I don't think either of you are delving into this one, so I'll try to give you a brief (ha!) synopsis (I'm a little over halfway through--this one moves pretty slowly).
Waldrop's Complexity: The Emerging Science at the Edge of Order and Chaos tracks the genesis and evolution of the Santa Fe Institute from its inception in the early seventies. The Institute was founded by a number of scientists (all with piles of Nobel prizes) interested in pursuing a truly interdisciplinary investigation on nonlinearity and complex adaptive systems.
Much of the book focuses on one of the institute's first major conferences. Funded by Citibank corporation, the conference brought together progressive physicists and economists try and come up with a more reliable system for predicting economic fluxuations. John Reed, CEO of Citibank, was frustrated with traditional economic models that didn't live up to the dynamic conditions of real world economies. Waldrop explains: "the existing neoclassical theory and the computer models based on it simply did not give him the kind of information he needed to make real-time decisions in the face of risk and uncertainty" (93).
Neoclassic economics relies on the concept of "perfect rationality" in order to predict the actions of an economic agent (be it a consumer, corporation, or country). Waldrop describes perfect rationality thusly:
Perfectly rational agents do have the virtue of being perfectly predictable. That is, they know everything that can be known about the choices they will face infinitely far into the future, and they use flawless reasoning to forsee all the possible implications of their actions. So you can safely say that they will always take the most advantageous action in any given situation, based on the available information. Of course, they may sometimes be caught short by oil shocks, technological revolutions, political decisions about interest rates, and other noneconomic surprises. But they are so smart and so fast in their adjustments that they will always keep the economy in a kind of rolling equilibrium, with supply precisely equal to demand. (142)
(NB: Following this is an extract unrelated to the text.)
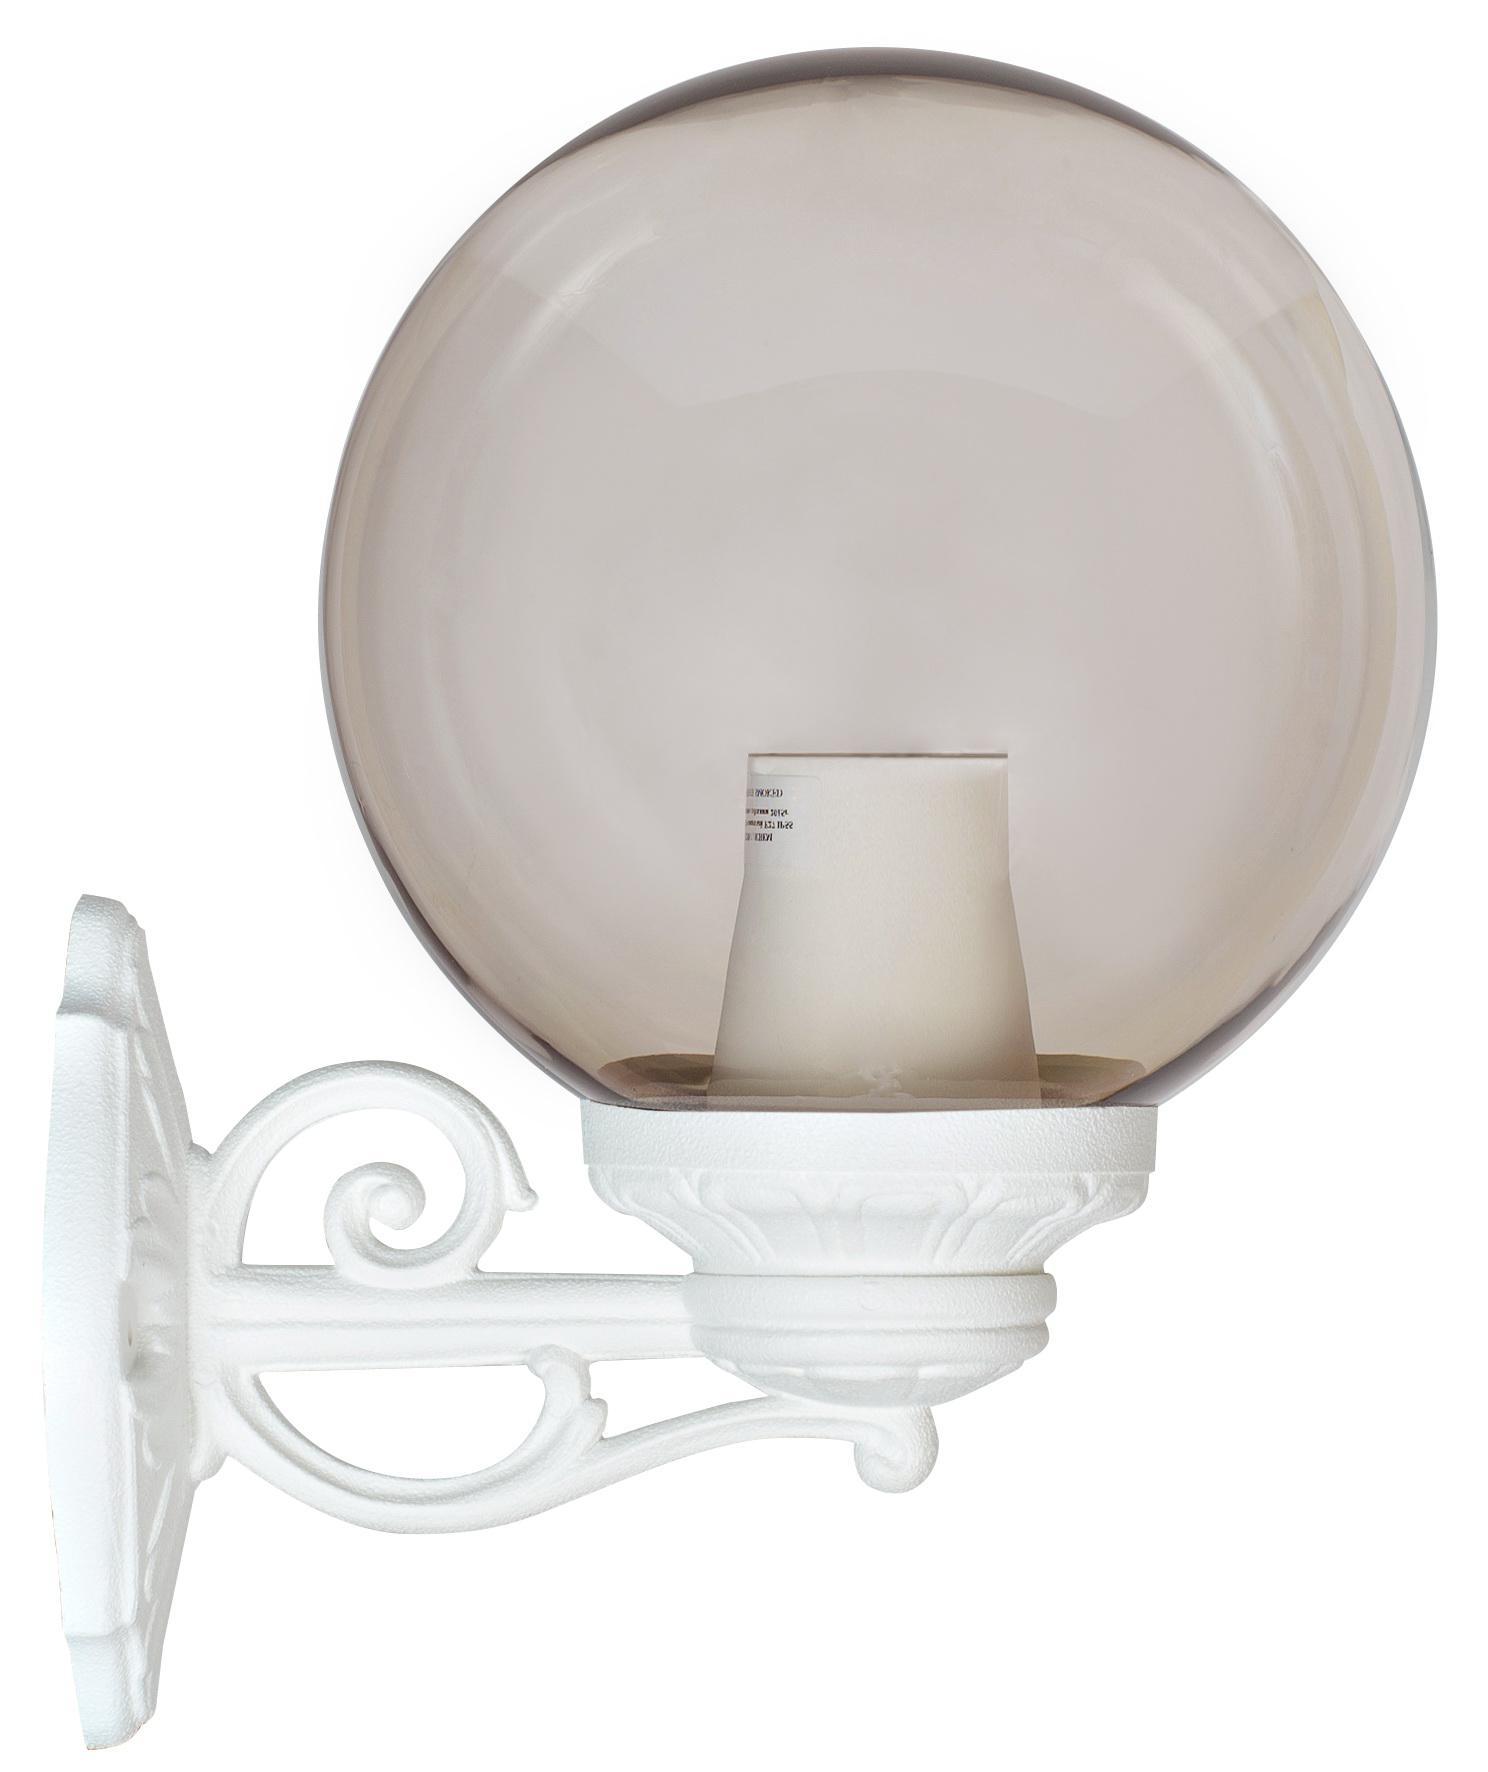 Светильник Fumagalli G250 bisso ws, уличный, производство: Италия, белый дымчатый
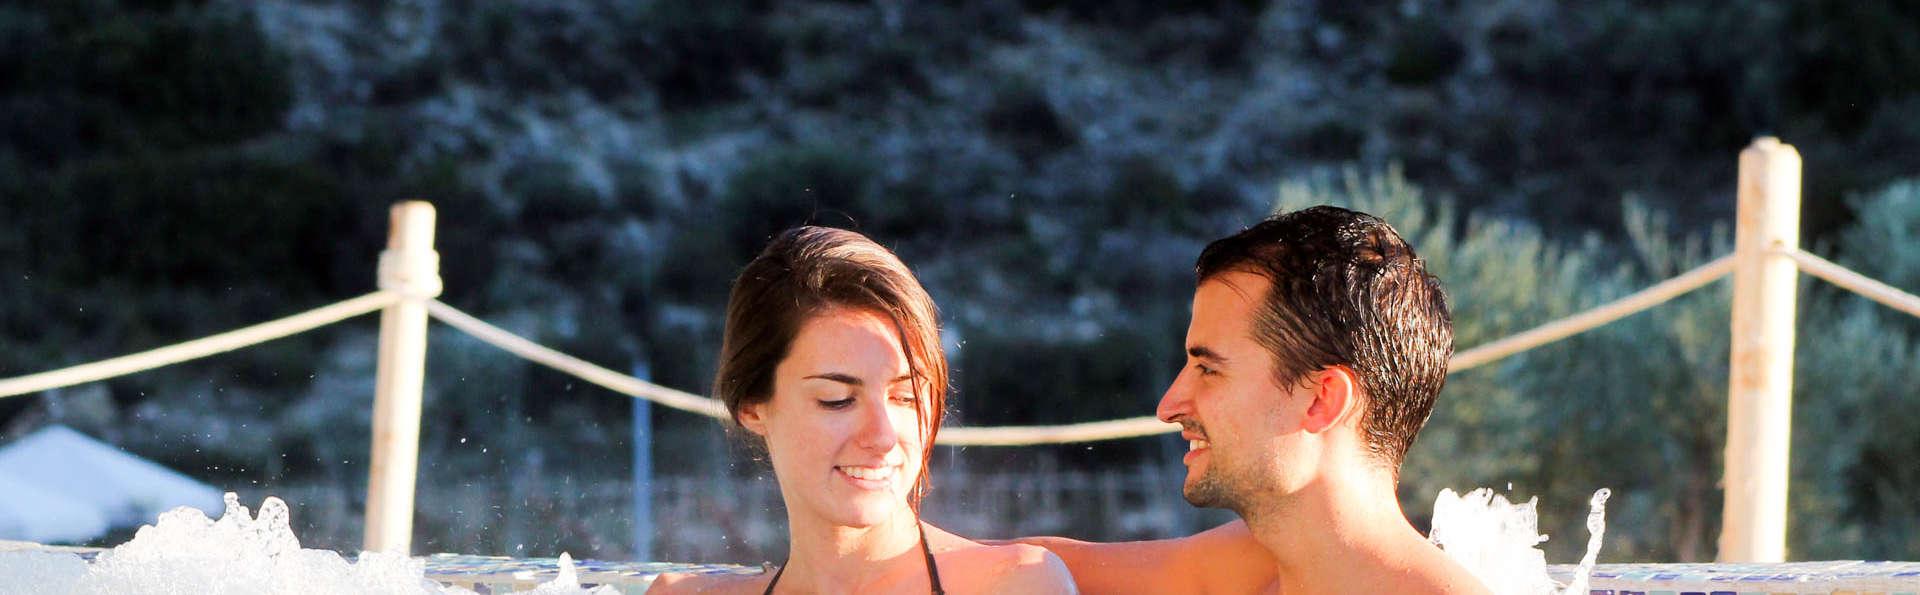 Vacaciones en Pensión Completa con acceso al balneario, niño gratis y tratamiento relajante (Min 5N)

This generalization guiding the behavior of all economic agents becomes the postulate upon which all economic theory is grounded. It is the "c" required for all the math to work. If this sounds ridiculous to anyone, then, good, it should. It sounded especially ridiculous to a group of physists that have to test every theory with empirical evidence. To the scientists, "too much theory and you could end up gazing into your navel" (87).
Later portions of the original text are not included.